There may be various molds that are already present in dried vegetables or that come with contamination during the drying process, they can cause foodborne disease, in particular, they can produce various toxins such as aflatoxin in dried figs. Mycotoxins can affect consumer health and food quality, and as a result of these conditions, the commercial value of the products may be lost [16, 17].

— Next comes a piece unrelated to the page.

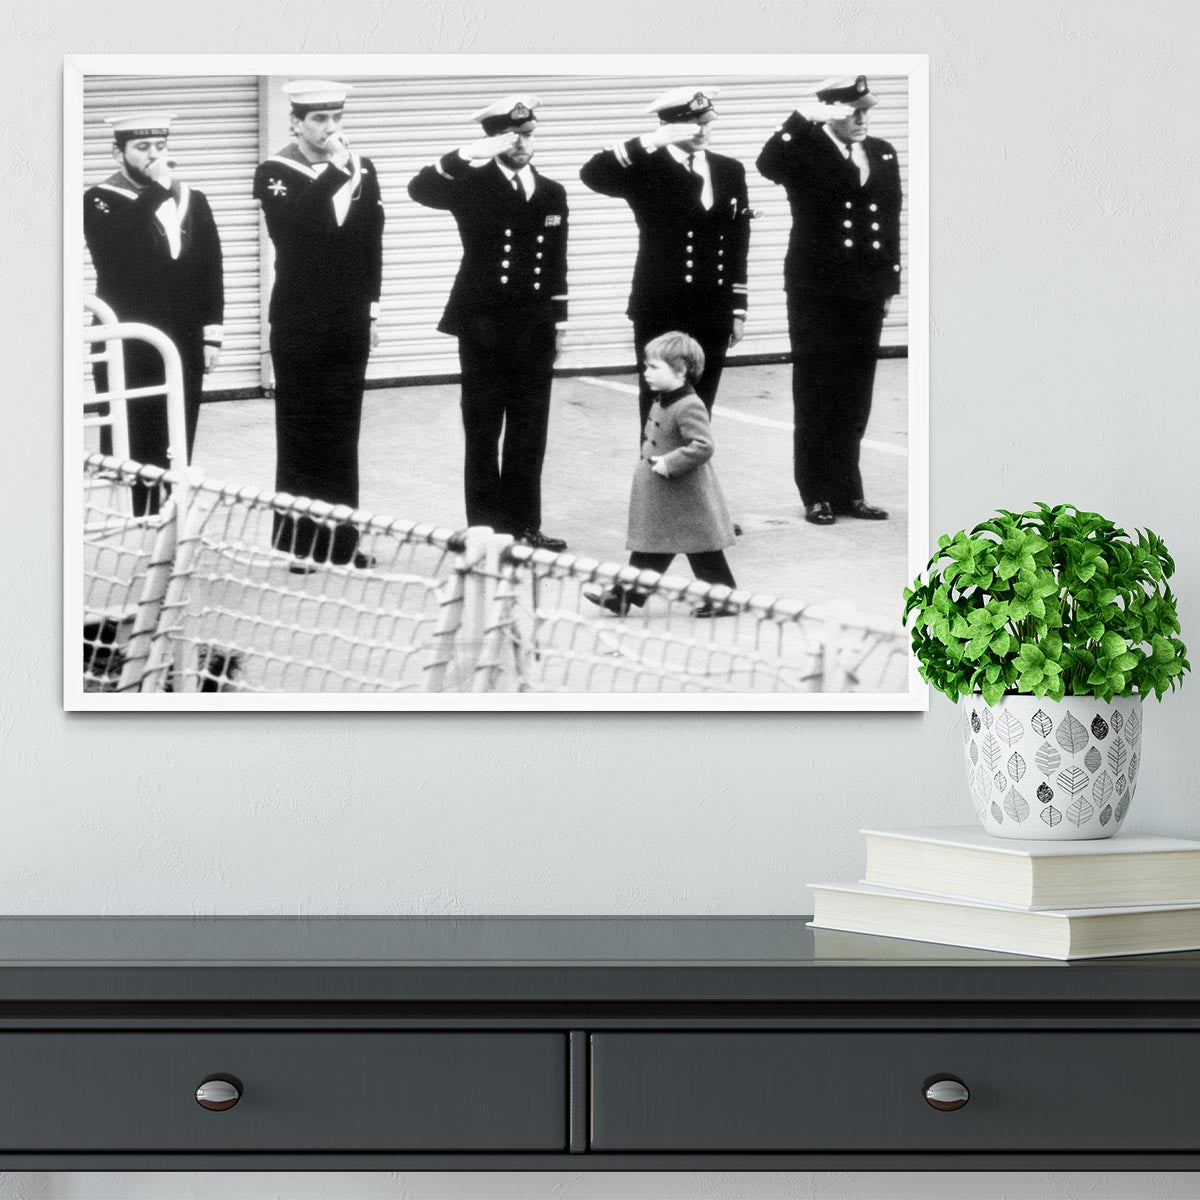 Prince William visiting the Royal Navy as a small child Framed Print - Canvas Art Rocks -6

In this study, we reviewed that the pre-treatments and applications applied to reduce the microbial loads of dried products, prolong their shelf life and improve their quality. Although aw and moisture content are low compared to other food groups, it should be known that there may be development of microorganism when dried foods suffer from moisture when they are stored under unhygienic drying conditions, contamination and/or storage conditions. To shed light on the fruit and vegetable drying industry and highlight its importance for public health, we conducted a review study showing how effective the various methods are in terms of microorganism inactivation and food quality.

Results and discussion

Some applications and pretreatments for microorganism inactivation

Pretreatment means that the humidity of the agricultural products will be removed faster before they dry; it might be done for preservation/enhancement of colors, flavors, and nutritional values. It is the whole of physical and chemical processes that are carried out to ensure hygienes by preventing possible microbial activities on them and to obtain shape and size characteristics in accordance with the standards [18].

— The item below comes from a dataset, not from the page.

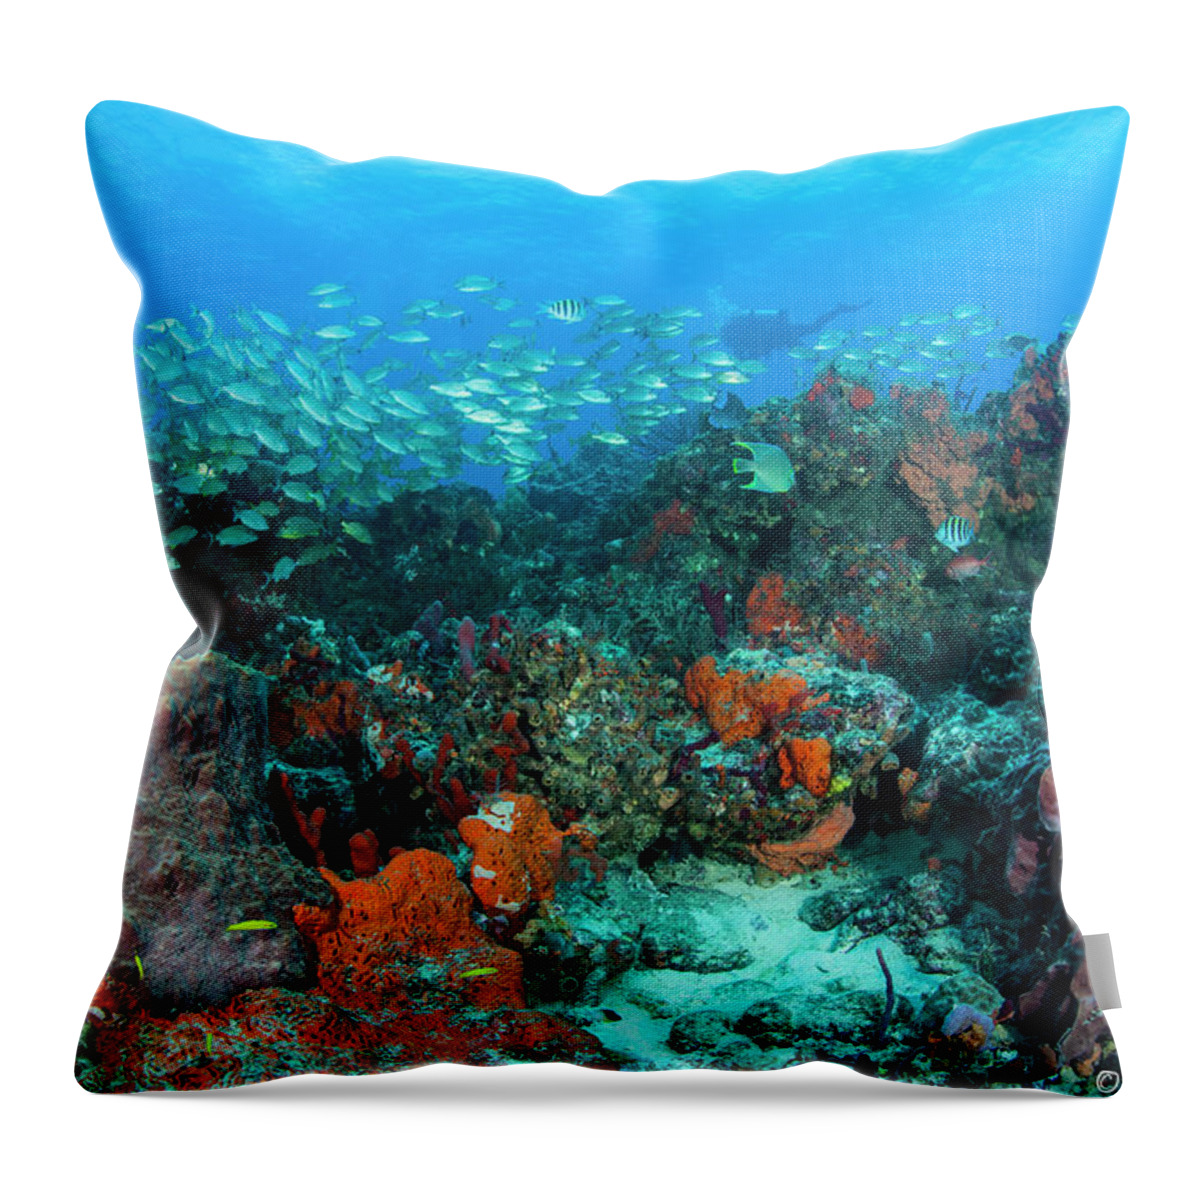 Scene.scenes Throw Pillow featuring the photograph Color Of Life by Sandra Edwards

Most studies have shown that pretreating with an acidic solution (ascorbic, citric acid, etc.) or sodium metabisulfite dip also enhances the destruction of potentially pathogenic bacteria during drying and storage, including E. coli O157:H7, Salmonella spp. and Listeria monocytogenes, and enhance the safety of dried fruits [19, 20]. However, sulfur and sulfite compounds may lead to asthmatic reactions in some people.

There are some studies of inactivation of microorganisms by dipping or soaking a product in ascorbic acid [21, 22], citric acid [22, 23], lactic acid [24], and acetic acid [25, 26]. These solutions can help reduce the number of normal flora and pathogenic microorganisms and also reduce the enzyme activity that causes browning [27]. Additionally, alkaline solution (NaOH, Na2CO3, K2CO3) applied by dipping or spraying, salting, and immersion in NaCl solution used in drying of fruits and vegetables are of great importance [28,29,30]. These can be applied alone or in combination with other methods, for example, the application of citric acid + salt in drying tomatoes [31]. Blanching is one of the most widely used methods of inactivation of microorganisms. It can be performed in different ways such as dipping in hot water, hot or boiling solutions containing acids and/or salts, or steam for few minutes [32]. Some gases such as ozone and chlorine dioxide are used in dried products to prevent microbial growth [33, 34].

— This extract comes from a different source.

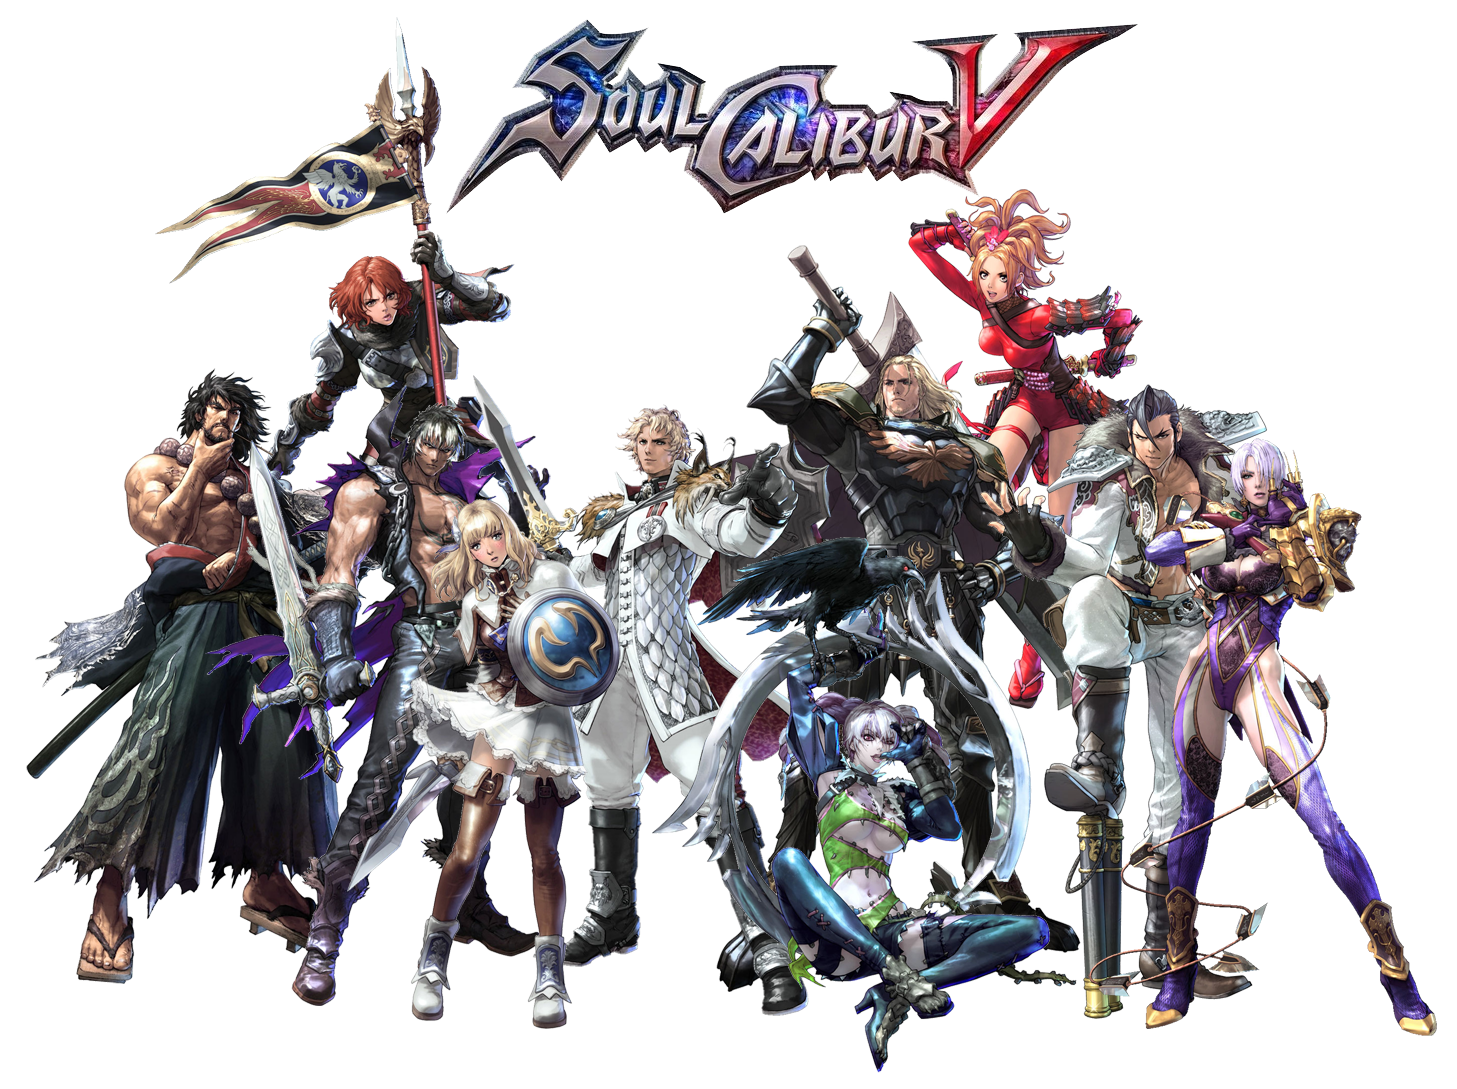 ... Soul Calibur V Review (PS3): The soul giveth and the sword taketh away

Thanks to the cavitation created by ultrasound, microorganisms have the effect of killing cell walls by breaking them [35, 36]. While ultrasound alone is not enough to inhibit all microorganisms in the environment, its effect increases when combined with heat and pressure. These applications are thermosonication, monosonication, and monothermosonication [37].

High hydrostatic pressure (HHP) application: it is applied as a non-heat treatment technology that can reduce the number of microorganisms and increase the shelf life by improving microbial reliability in many foods such as fruit jams, fruit juices, guacamole, sauces, oysters and packaged cured ham [38].

Ultraviolet (UV) irradiation is applies for fungal decontamination and degradation of aflatoxin in dried fig fruits and IR heat to the bacterial spores resulted in an excellent killing efficiency especially of highly heat-resistant microbial spores (Bacillus subtilis, Aspergillus niger) [39,40,41]. The combination of IR heating with UV irradiation markedly accelerated killing efficiency of microorganisms [42]. Irradiation technology is an effective method of sterilization that preserves the nutritional properties of foods and is used to extend the shelf life [43].

Cold plasma treatment (CPT) is a potential alternative nonthermal processing technology for decontamination of foods [44]. Cold plasma is formed by the stimulation of some gases (O2, He, Ar, H2, etc.) under vacuum and at room temperature by applying an electric current or electromagnetic radiation. Radiofrequency, microwave, UV, and X-ray can also be used in cold plasma production [45, 46]. The other nonthermal processing technology pulsed electric field (PEF) treatment involves the application of electric field to fluid foods placed between two electrodes in batch or continuous flow system which is used for inactivation of microorganisms, to decrease the activity of enzymes and extend the shelf life of foods without significant loss of flavor, color and nutrients [47,48,49]. The other applications of electromagnetic fields for nonthermal inactivation of microorganisms are high-voltage arc discharge (HVAD) and pulsed light (PL) [50].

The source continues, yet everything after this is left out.